As this will be tough to gauge, any initiation ahead of this evening's numbers will be merely entry level in size. For new readers, when I say that, this usually means about 1/8 of my intended position size, but it can be as little as anywhere from 1/16 to 1/10 depending on how gutless I'm feeling at the time. I will have to see what kinds of premiums are being paid for options related to NOW once that market opens as well.
This will be no sure thing. About the only thing that we do know is that this stock probably won't trade sideways from here. This breeds opportunity. Remember the first time you pulled the pin on a hand grenade? You held that spoon pretty tight, and then you could not believe how accurately you threw that darned thing. A 40 yard strike. That's because you focused solely on what you were doing. Focus.
And The Winner Is...
Nobody. I don't know. In the never ending saga known as the Defense Department's potential $10 billion award for their cloud computing contract, we have known for a considerable time that the two finalists for this deal were Microsoft (MSFT) and Amazon (AMZN) after both Oracle (ORCL) and International Business Machines (IBM) had been eliminated from contention.
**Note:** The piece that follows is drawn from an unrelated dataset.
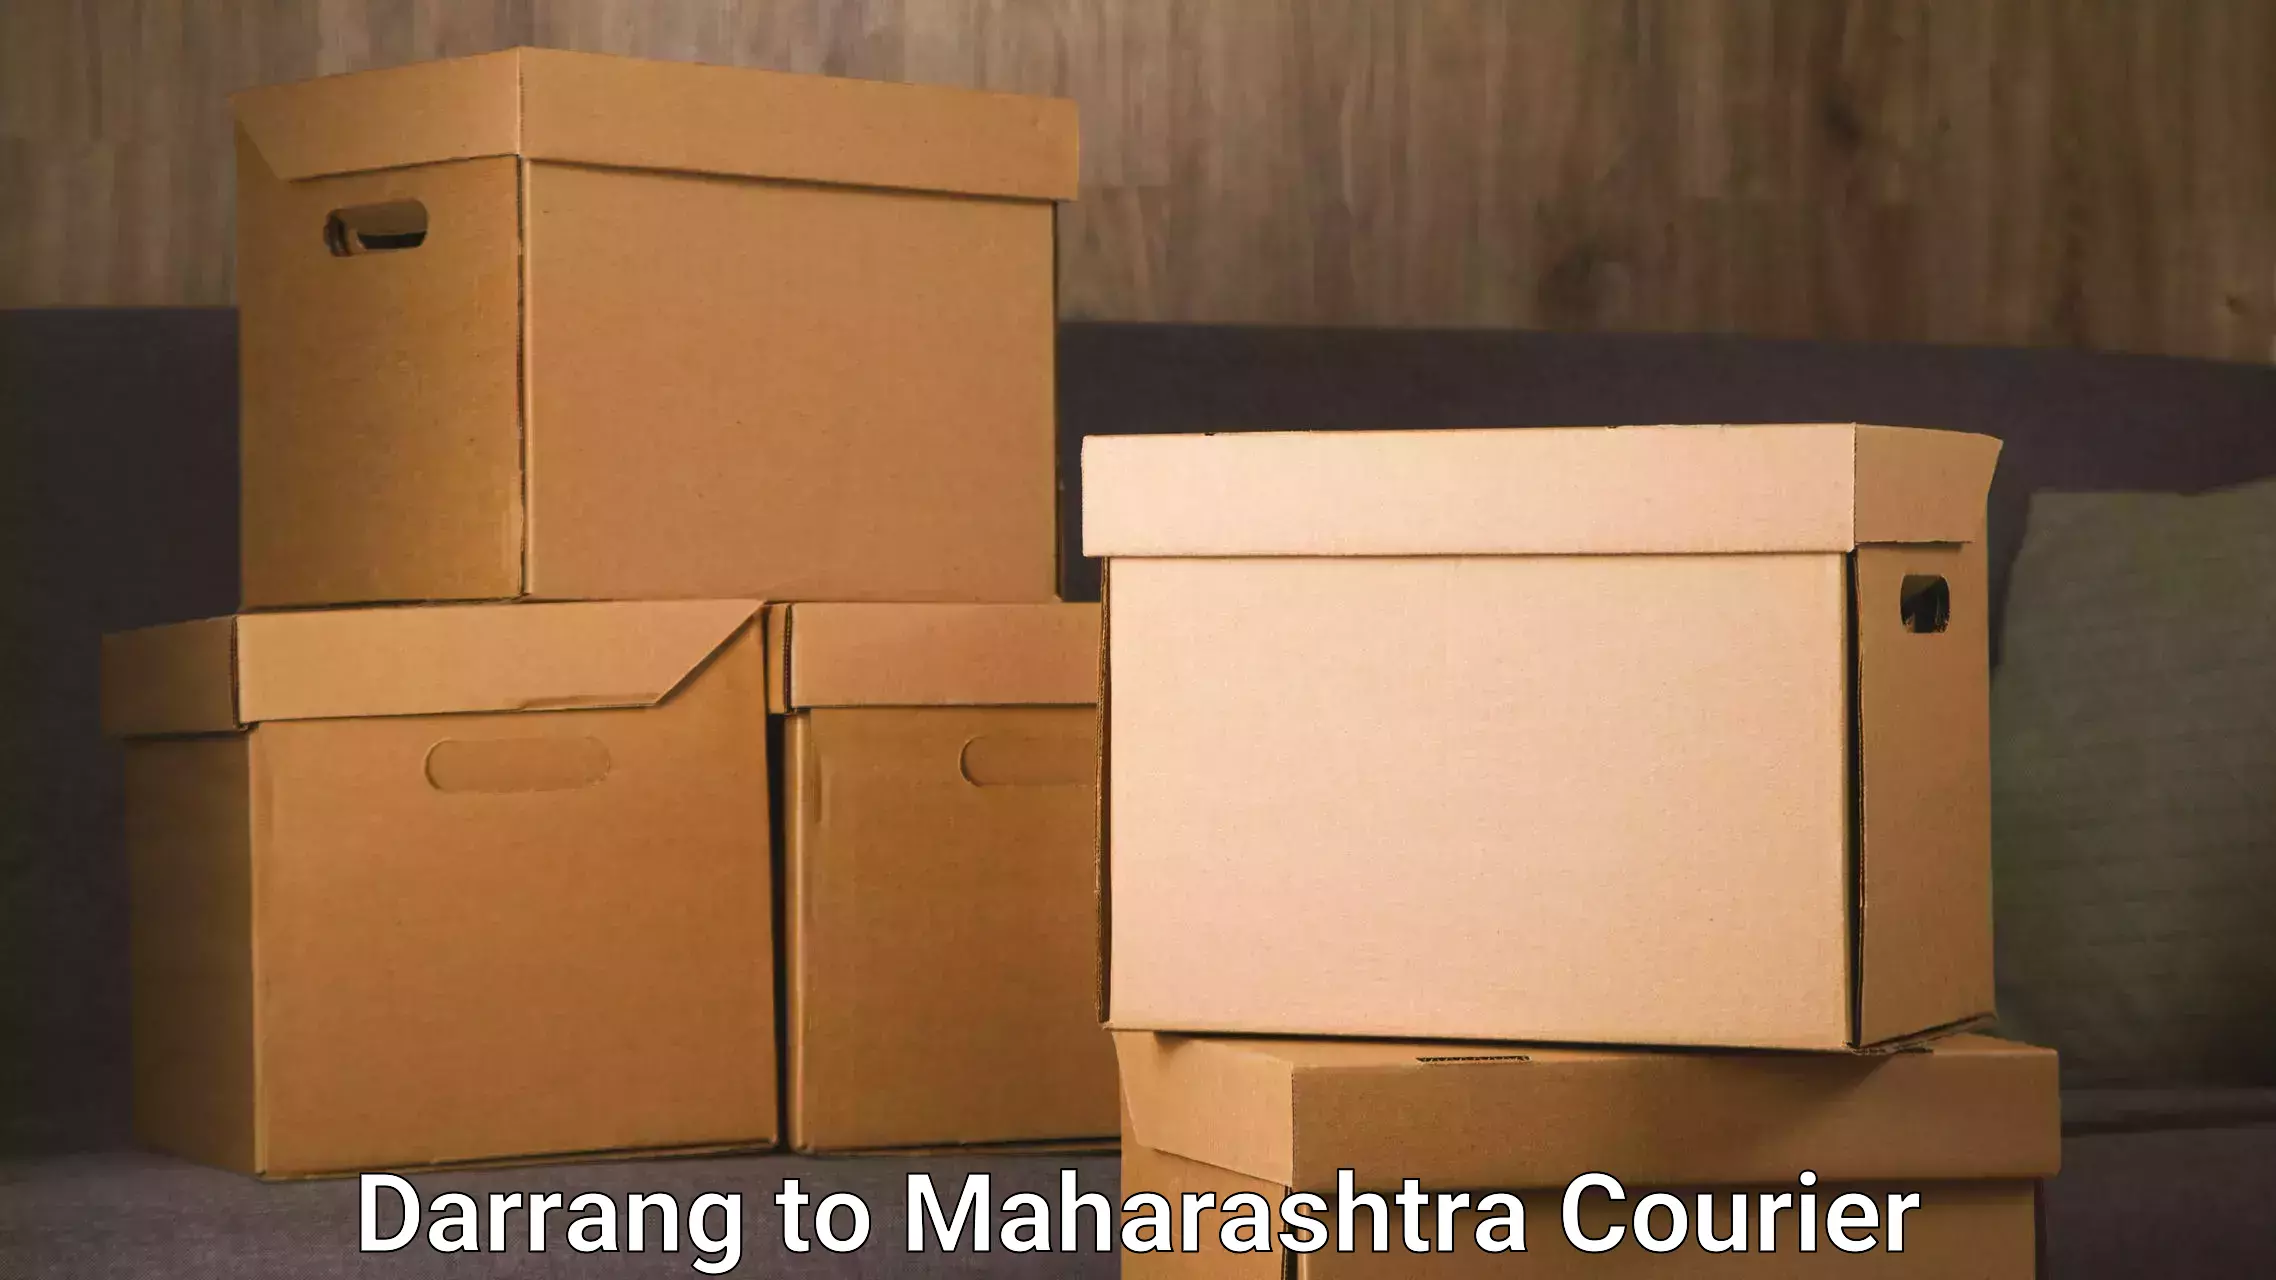 High-efficiency logistics Darrang to Maharashtra

Now, U.S. Defense Secretary Mark Esper has recused himself from making this final decision and handed off that task to his deputy David Norquist, claiming that his son worked for one of the original bidders without identifying where it is that his son worked. More delays? If you've been following this story, and you thought that this announcement had been due this past August, you'd be correct. When will this decision be made? My guess is not today, though Microsoft, a Sarge name does report this evening.
Just A Thought
If the semis come out weak on Wednesday in response to the back yard beat-down going on at Texas Instruments (TXN) overnight, there would be a good chance that I take a look at old fave Lam Research (LRCX) going into that firm's digits tonight as well. Not the same business, could be some unjustified pin action.
As a shareholder of both firms, I just love the announcement made by Verizon (VZ) on Tuesday that certain customers could gain free access to the new Disney (DIS) Plus service slated to launch on November 12th. Talk about finding a way. Finding a way to compete with the Apple (AAPL) ecosystem, to compete with what AT&T (T) is doing, and of course to force an industry wide melee that will also include Amazon, Netflix (NFLX) , and Comcast (CMCSA) once everyone is lined up and ready to go. I may have covered my short, but I still think Netflix has the most to lose here. Flat the name? For now. Would not even consider a long position to be honest.
Economics (All Times Eastern)
09:00 - FHFA HPI (Aug): Expecting 0.4% m/m, Last 0.4% m/m.
10:30 - Oil Inventories (Weekly): Last +9.281M.
10:30 - Gasoline Stocks (Weekly): Last -2.562M.
The Fed (All Times Eastern)
Fed Blackout period through 31 Oct 19.